Always refer to the official ICD-10-CM Tabular List for complete coding guidelines. Ensure documentation supports the specificity of the code selected. When in doubt, consult a certified medical coder or the latest CMS guidelines.
Understanding where Q99.812 sits in the ICD-10-CM classification helps ensure proper coding:
Yes, Q99.812 is a billable/specific ICD-10-CM code that can be used to indicate a diagnosis for reimbursement purposes.
Q99.812 is the ICD-10-CM diagnosis code for "Usher syndrome, type 2". It is used by healthcare providers to classify and document this condition in medical records and insurance claims.

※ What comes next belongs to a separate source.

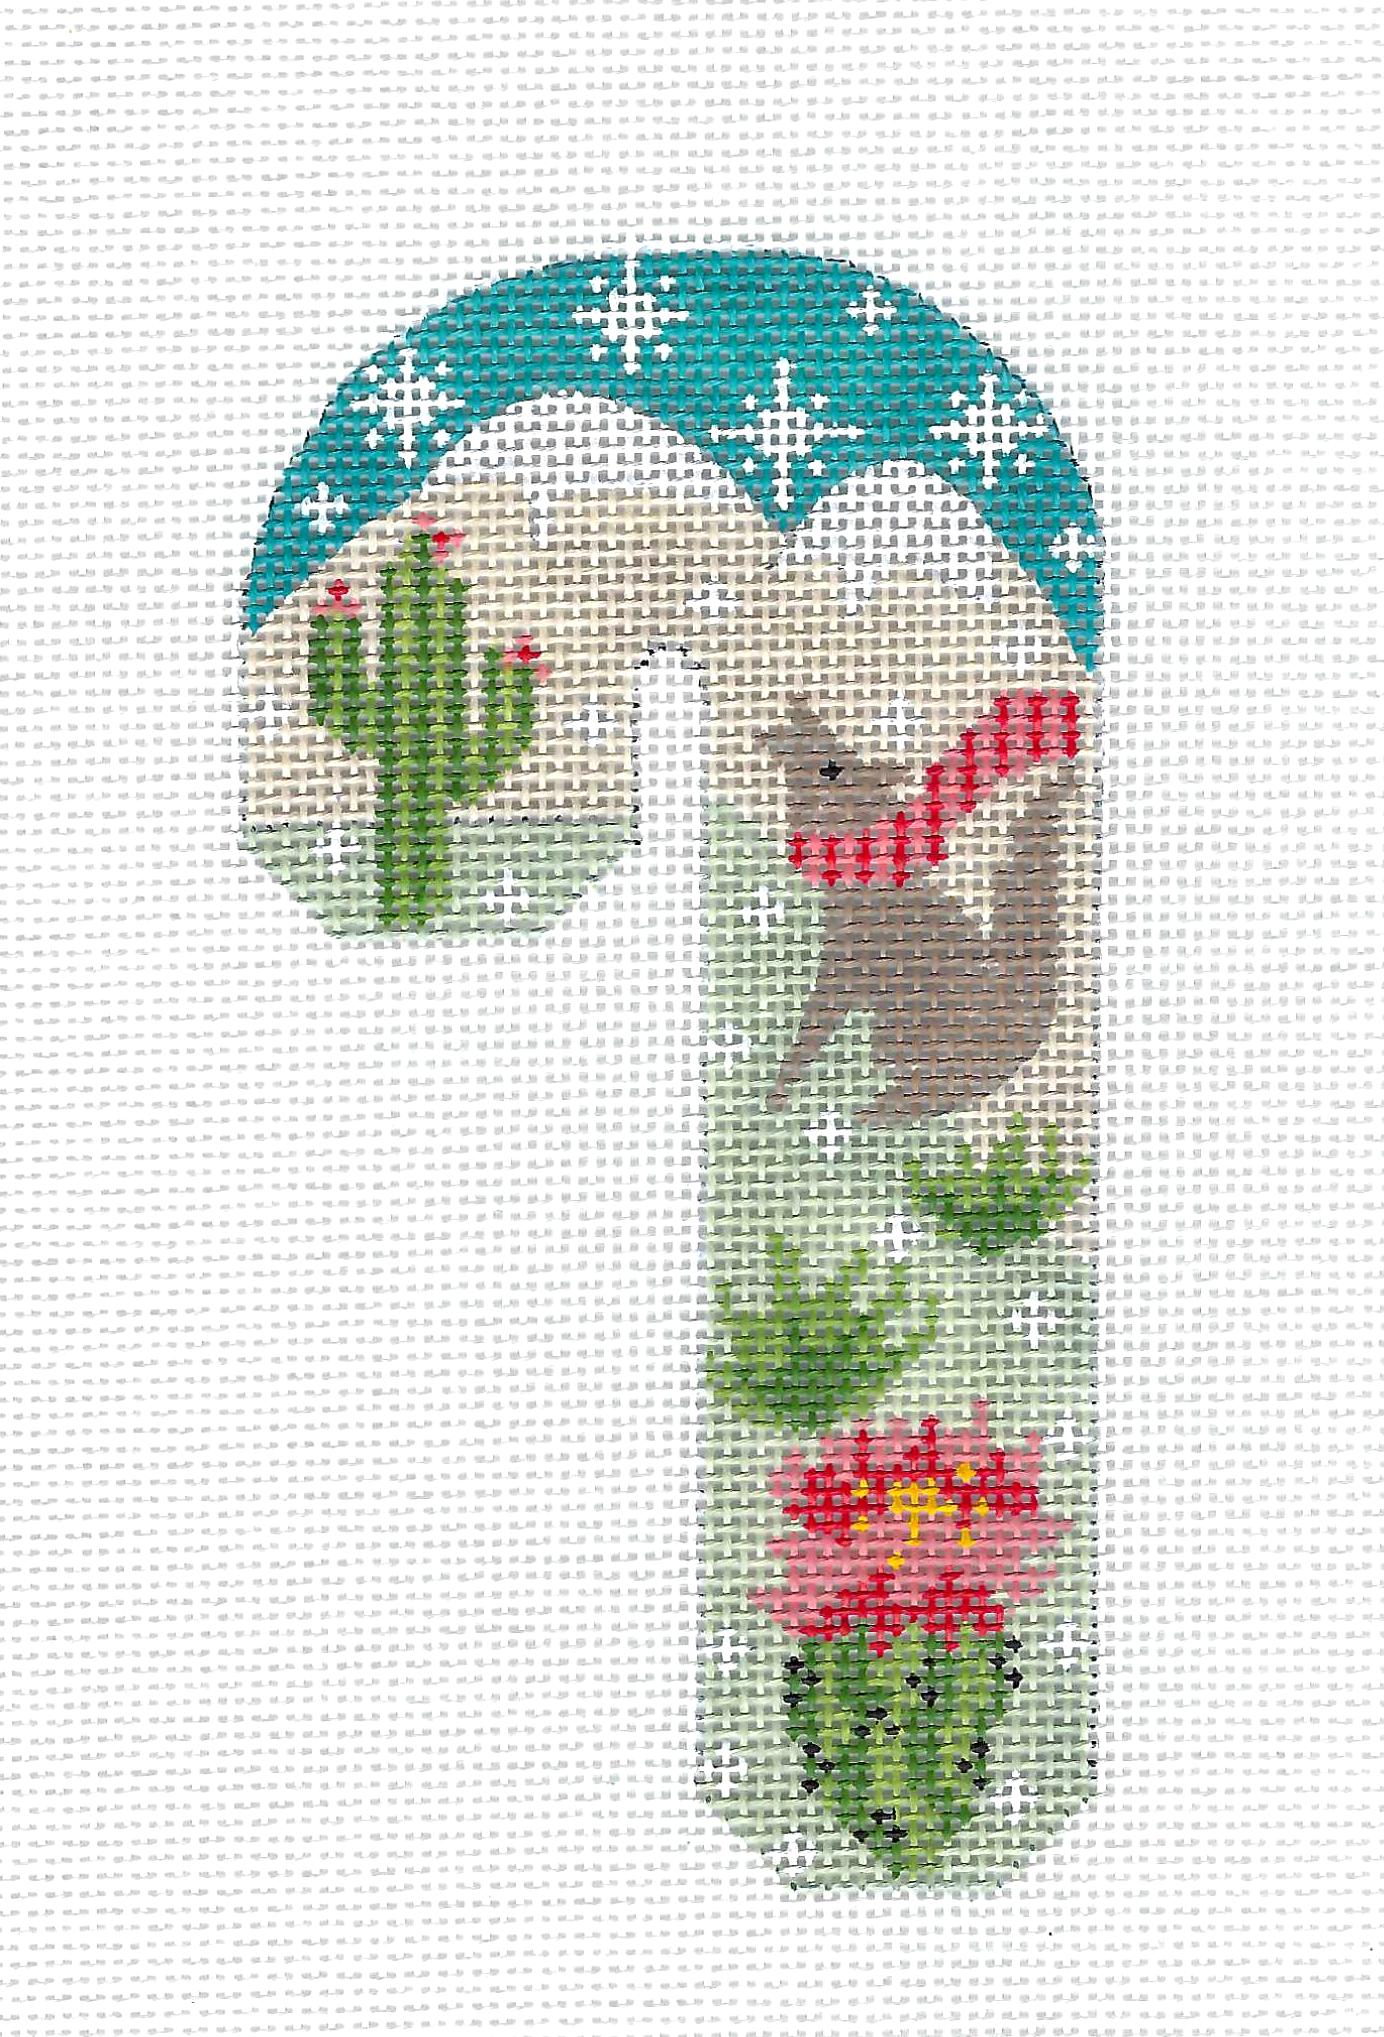 Candy Cane ~ Southwest Cactus Desert Medium Candy Cane handpainted Needlepoint Canvas CH Design from Danji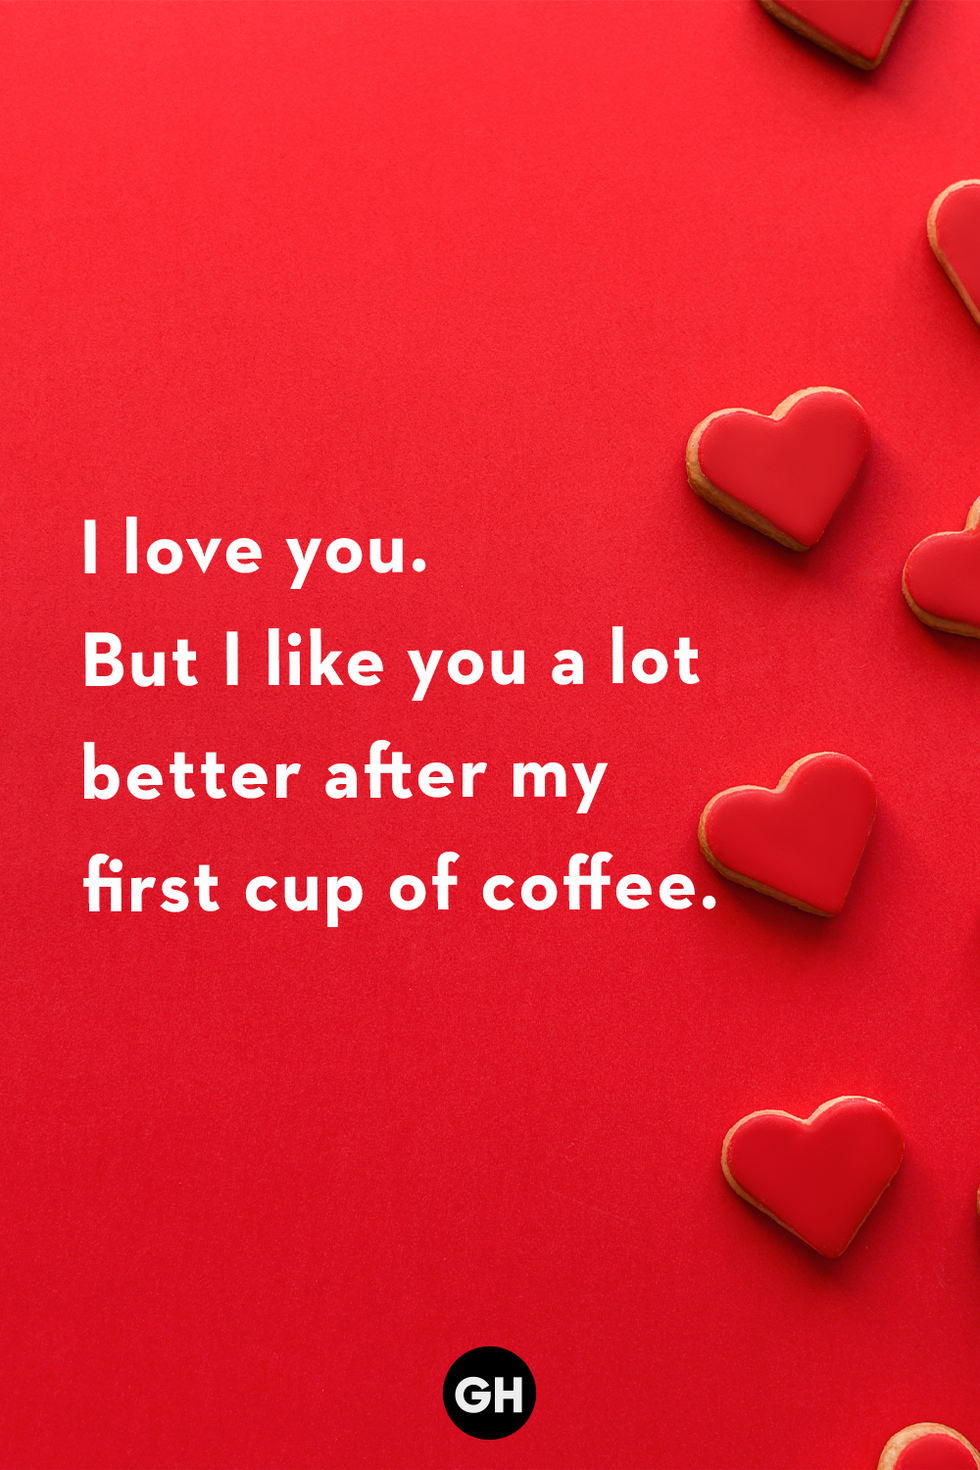 Honey I Love, Love, Love You! Husband Valentine Card | Custom

The parent code of Q99.812 is Q99.81 ("Usher syndrome"). Q99.812 provides a more specific classification within this category.
Q99.812 is located in Section Q90-Q99 — "Chromosomal abnormalities, not elsewhere classified" within Chapter 17 of the ICD-10-CM Tabular List.
Use Q99.812 when the patients documented diagnosis matches "Usher syndrome, type 2" and the clinical documentation supports this level of specificity. Always verify with the latest ICD-10-CM guidelines and payer requirements.
The ICD-10-CM code for Usher syndrome, type 2 is Q99.812.
Yes, Q99.812 can be used as a primary diagnosis code since it is billable and specific.
Q99.812 is in Chapter 17 of the ICD-10-CM Tabular List.
Yes, Q99.812 is a valid ICD-10-CM code for the 2026 fiscal year, subject to official CMS updates.